La fuerza de evocación condensada en La Soirée dans Grenade tiene algo de milagro cuando se piensa que esta música fue escrita por un extranjero guiado por la sola intuición de su genio. Estamos muy lejos de esas Sérénades, Madrileños y Boleros que nos regalaban antaño los fabricantes de música española. Aquí es Andalucía la que se nos presenta: la verdad sin la autenticidad, podríamos decir, ya que no hay un solo compás tomado del folklore español y, no obstante, todo el trozo, hasta en sus menores detalles, hace sentir a España… En La Soirée dans Grenade todos los elementos musicales colaboran a un solo fin: la evocación.

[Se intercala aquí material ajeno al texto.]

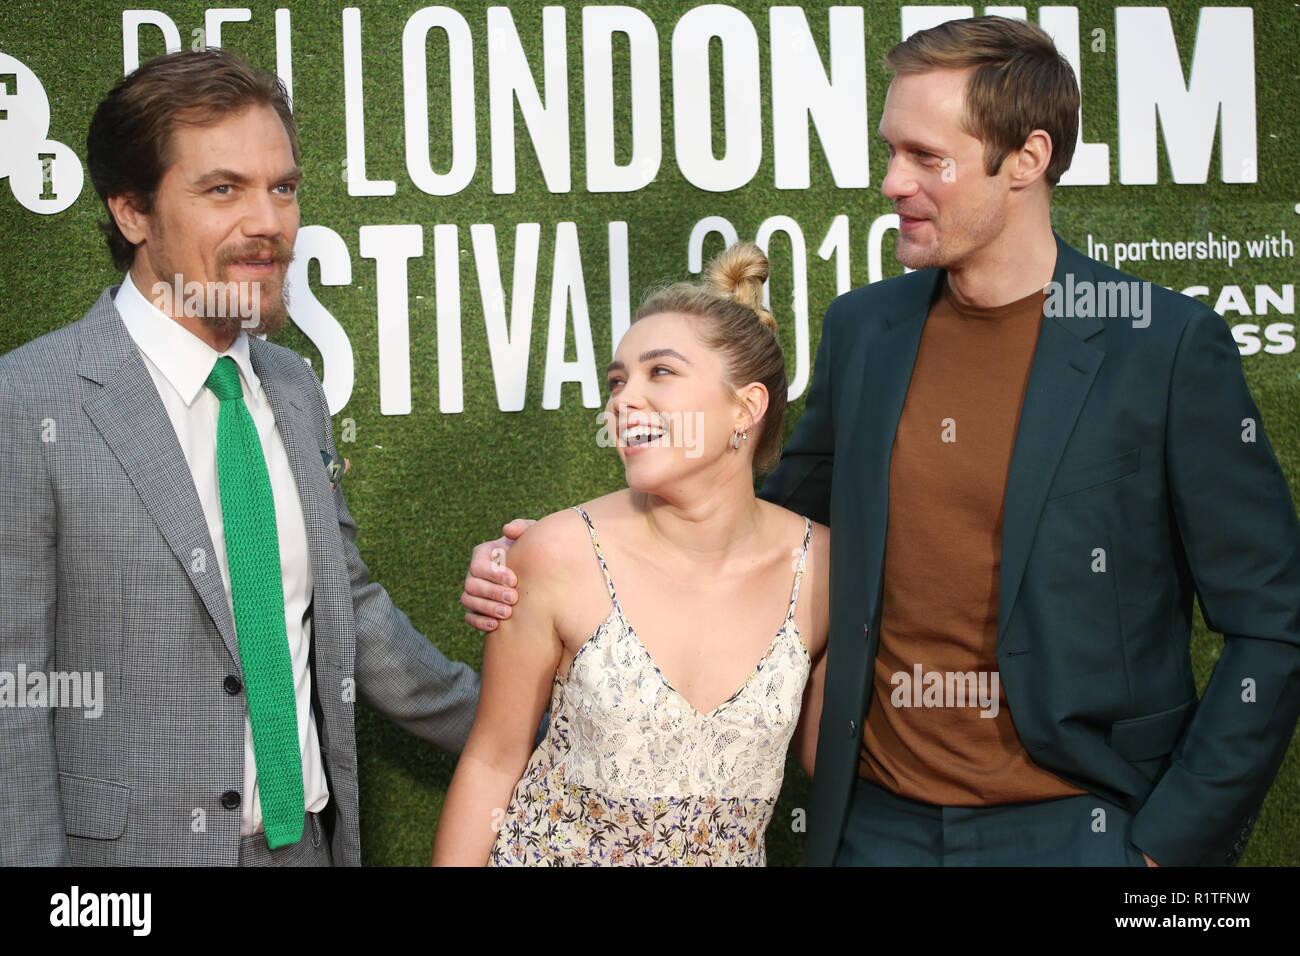 BFI London Film Festival The Little Drummer Girl premiere - Arrivées avec: Michael Shannon, Florence Pugh, Alexander Skarsgard Où: London, Royaume-Uni Quand: 14 Oct 2018 Credit: Lia Toby/WENN.com Banque D'Images

Se podría decir que esta música, con relación a lo que la ha inspirado, nos hace el efecto de imágenes reflejadas al claro de luna sobre el agua limpia de las albercas que llenan la Alhambra.[10]
Falla expresa una admiración parecida por la otra composición debussiana de tema granadino: el preludio La Puerta del Vino, compuesto entre 1910 y 1913 e inspirado, según el gaditano, por:
una simple fotografía coloreada que reproducía el célebre monumento de la Alhambra. Adornado de relieves en color y sombreado por grandes árboles, contrasta el monumento con un camino inundado de luz que se ve en perspectiva a través del arco. Fue tan viva la impresión de Debussy, que decidió traducirla en música, y, en efecto, pocos días más tarde estaba terminada La Puerta del Vino.[11]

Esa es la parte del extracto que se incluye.